But that looks to me more like a fall-back to fix user error. I see
no logical reason why someone should expect them to be treated
identically. There are any number of methods in SQL that can produce
results that appear identical, but that doesn't mean that all
methods for doing so should be optimized exactly the same way.

David W. Fenton · Jun 5, 2007

And to further clarify the spirit of my last message, I will like
to recall to your attention that SQL is not an imperative
language, but a descriptive one, a language where you specify what
you want, not HOW TO get it. In that 'spirit' of the SQL language,
DISTINCT and GROUP BY are NOT for different purposes.

Yes, different database engines treat them differently.

*If* someone, unaware, just realized that a DISTINCT can be
replace by a GROUP BY to get the same 'description' of what is
wanted, well, that is great. Newsgroup are to educate, too.

They aren't the same just because they can be used to produce the
same results. That's a major logical fallacy.

The SQL Server optimization is a fix for USER ERROR.

DAVID · Jun 5, 2007

Warrio said:
Hello!

Which of GROUP BY and DISTINCT is the quickest? and why?

Thanks for any relevant answer!

PS: Please don't tell me that there is no difference because it's a matter
of one millionth second.

"When a SELECT statement is executed, the JET engine always performs an
implicit sort if a DISTINCT modifier is present; an ORDER BY clause
causes another sort to be done, which occurs after all other sorts (if
any)."

Both "group by" and "distinct" are normally limited by the speed of the
sort operation.

(david)

Michel Walsh · Jun 5, 2007

The purpose of an optimizer is to find the best method. Jet optimizer fails
to find the best method in that specific case, so Jet optimizer didn't
optimize as it should. I hardly see how can someone can say that this is
fine and acceptable state. So, indeed, Jet is crippled, in that specific
case, as it is in the NOT IN() construction.

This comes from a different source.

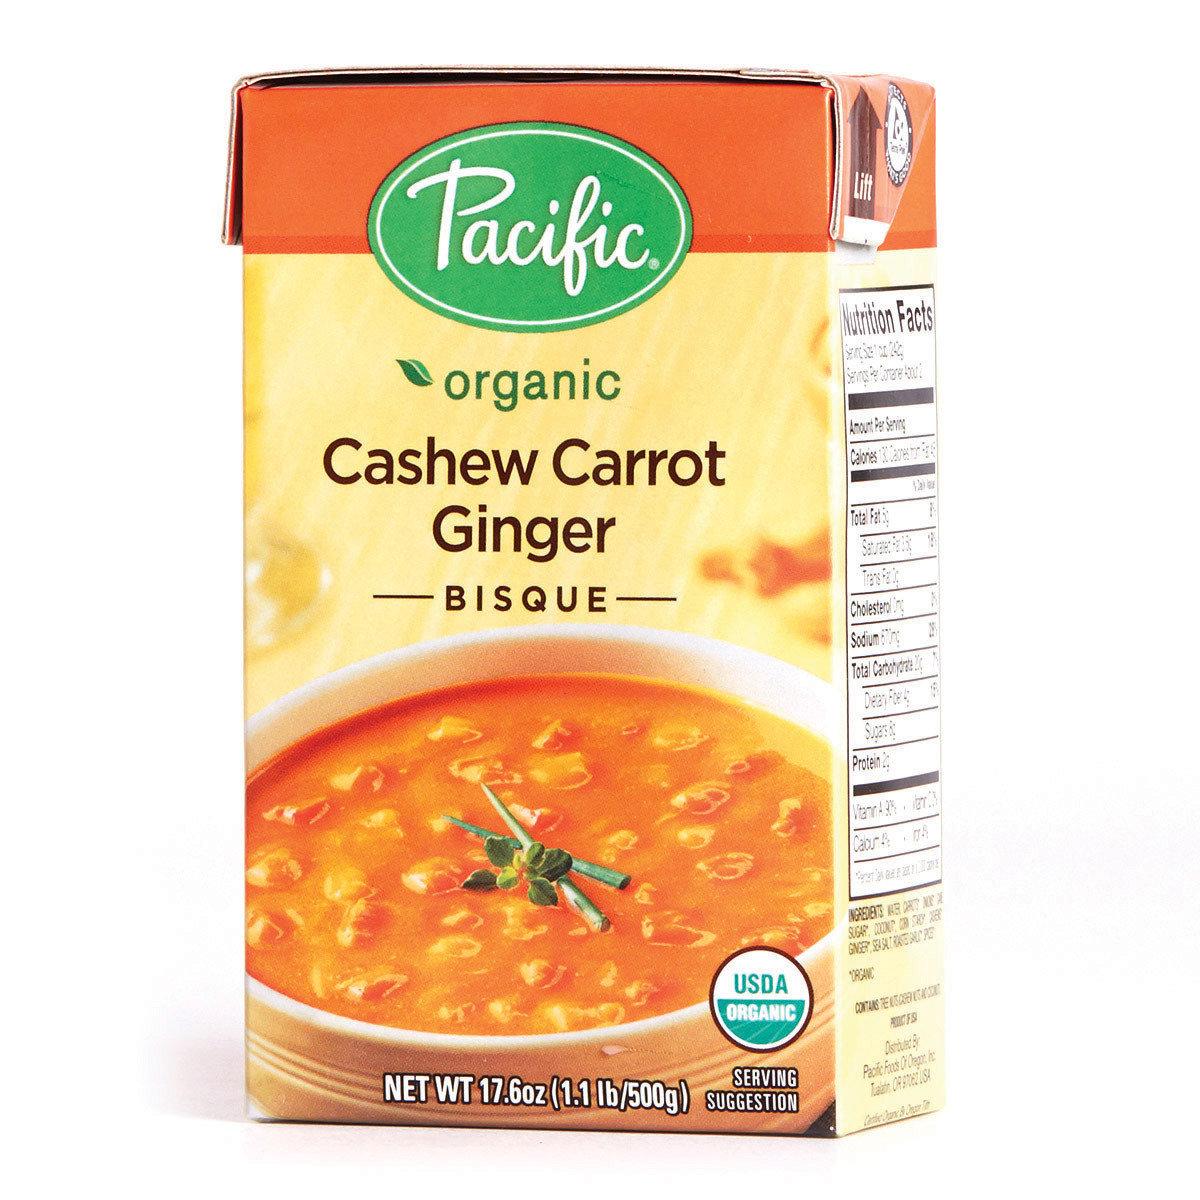 有機法式腰果紅蘿蔔薑濃湯

If a better method is called a 'fix-up' in your dictionary, then, no problem
with me, as long as NO ONE think there is no need to bring these 'fix-ups'
into Jet.

Finally, again, SQL is descriptive, and logically equivalent results should
be optimized the same way, indecently of the exact syntax... in particular
if the query is a basic elementary one.

Vanderghast, Access MVP

Michel Walsh · Jun 5, 2007

I should have said NOT EXISTS rather than NOT IN.

Vanderghast, Access MVP

David W. Fenton · Jun 5, 2007

The purpose of an optimizer is to find the best method.

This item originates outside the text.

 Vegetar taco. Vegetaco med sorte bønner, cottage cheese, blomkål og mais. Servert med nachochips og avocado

Yes. Given the commands given.

Jet optimizer fails
to find the best method in that specific case, so Jet optimizer
didn't optimize as it should.

Because it was given the wrong commands.

I hardly see how can someone can say that this is
fine and acceptable state. So, indeed, Jet is crippled, in that
specific case, as it is in the NOT IN() construction.

All SQL variants have certain things that aren't well-implemented.

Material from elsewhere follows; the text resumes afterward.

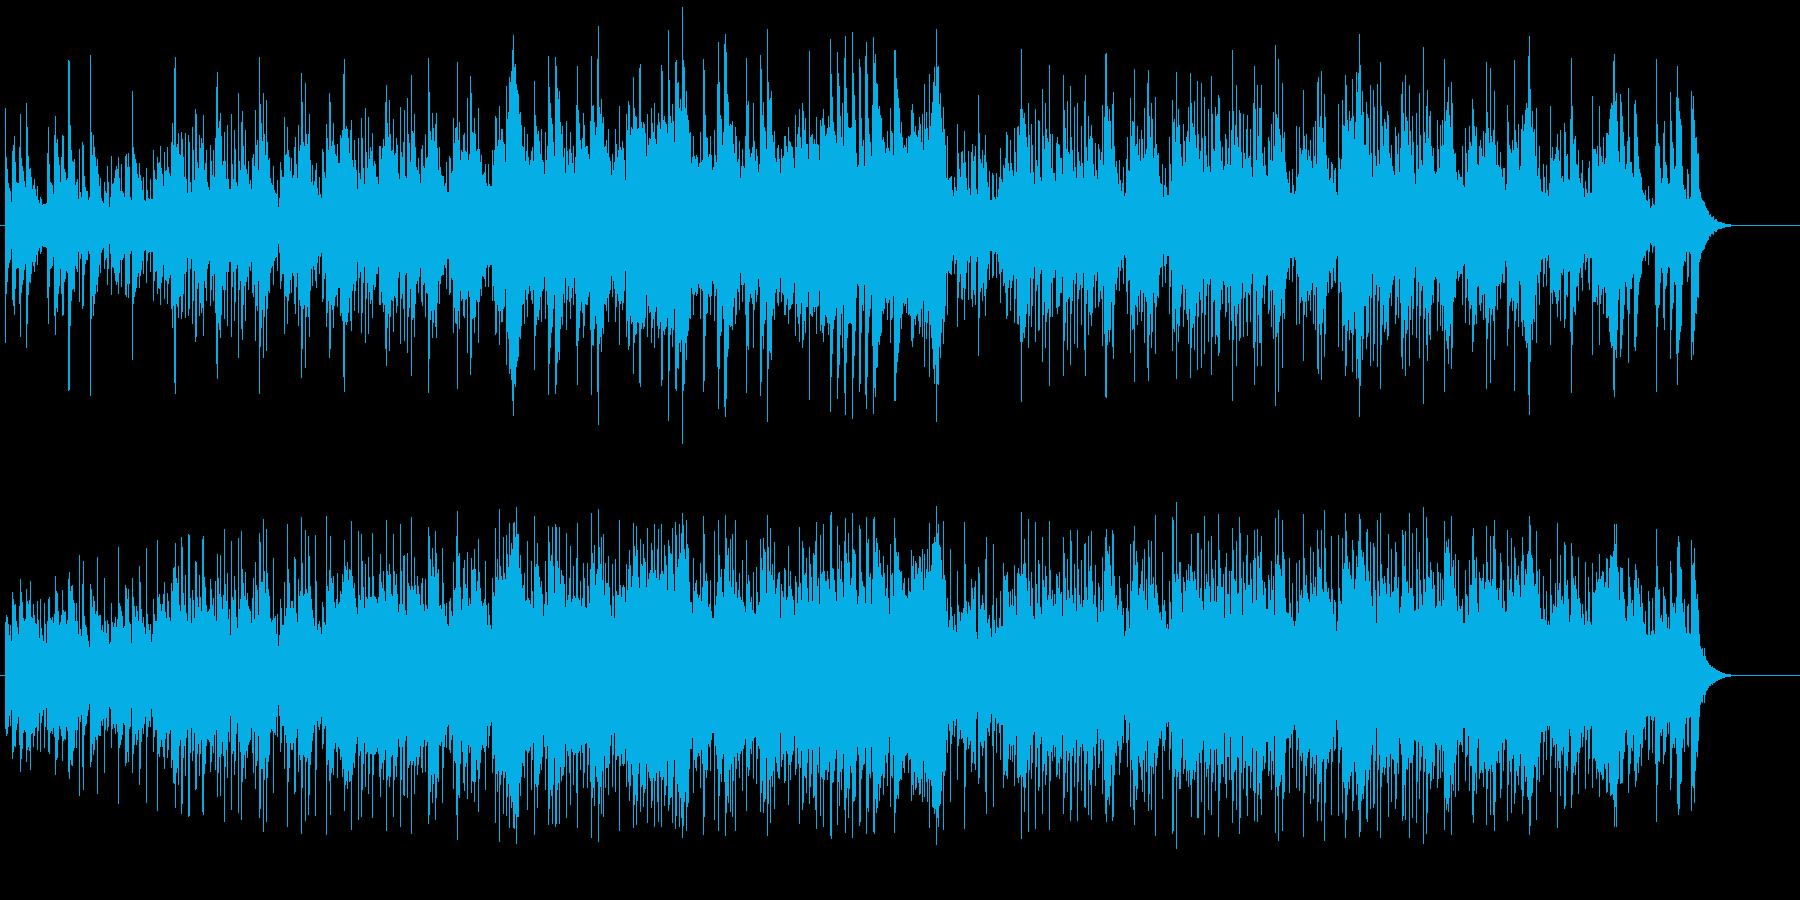 マリンバによる清涼感溢れた繊細なポップスの再生済みの波形

If a better method is called a 'fix-up' in your dictionary, then,
no problem with me, as long as NO ONE think there is no need to
bring these 'fix-ups' into Jet.

It would be nice if Jet could fix the user error, as long as it
didn't break performance in other cases.

Finally, again, SQL is descriptive, and logically equivalent
results should be optimized the same way, indecently of the exact
syntax... in particular if the query is a basic elementary one.

But they aren't logically equivalent -- they are only equivalent in
the *results* displayed.

David W. Fenton · Jun 5, 2007

I should have said NOT EXISTS rather than NOT IN.

There are also problems with Jet's implementation of IN clauses, as
it doesn't seem to always use the indexes on both sides, one case
where it often doesn't is NOT IN(), in fact.

Michel Walsh · Jun 5, 2007

They are NOT logically equivalent? Well, I totally disagree.

To summarize:

SELECT DISTINCT f1 FROM foobar

is logically the same as

SELECT f1 FROM foobar GROUP BY f1

You may claim the reverse with all your might, it would be better to supply
a counter example where these two statements differ, else, your might won't
matter much: SQL is math (set theory) based, not "intention" based, not
"claim" based.

The results described by each of the above statement ***are*** logically the
same.

Vanderghast, Access MVP

Michel Walsh · Jun 6, 2007

Ok, let us do it the other way.

Consider:

SELECT f1
FROM table
GROUP BY f1

and

SELECT DISTINCT f1
FROM table

In MS SQL Server, both queries takes the same execution time, say 1 Unit of
Execution Time. In Jet, the second query uses the same plan than MS SQL
Server, so say the second query, in Jet, also takes 1 UET, but the first
query, in Jet, easily takes up to 10 times that. So, up to now, someone can
tell, ok, Jet is not as performing for the GROUP BY than for the DISTINCT,
so, as you said, let use DISTINCT when possible, and GROUP BY otherwise.
(same as not using NOT EXISTS when an outer join can do).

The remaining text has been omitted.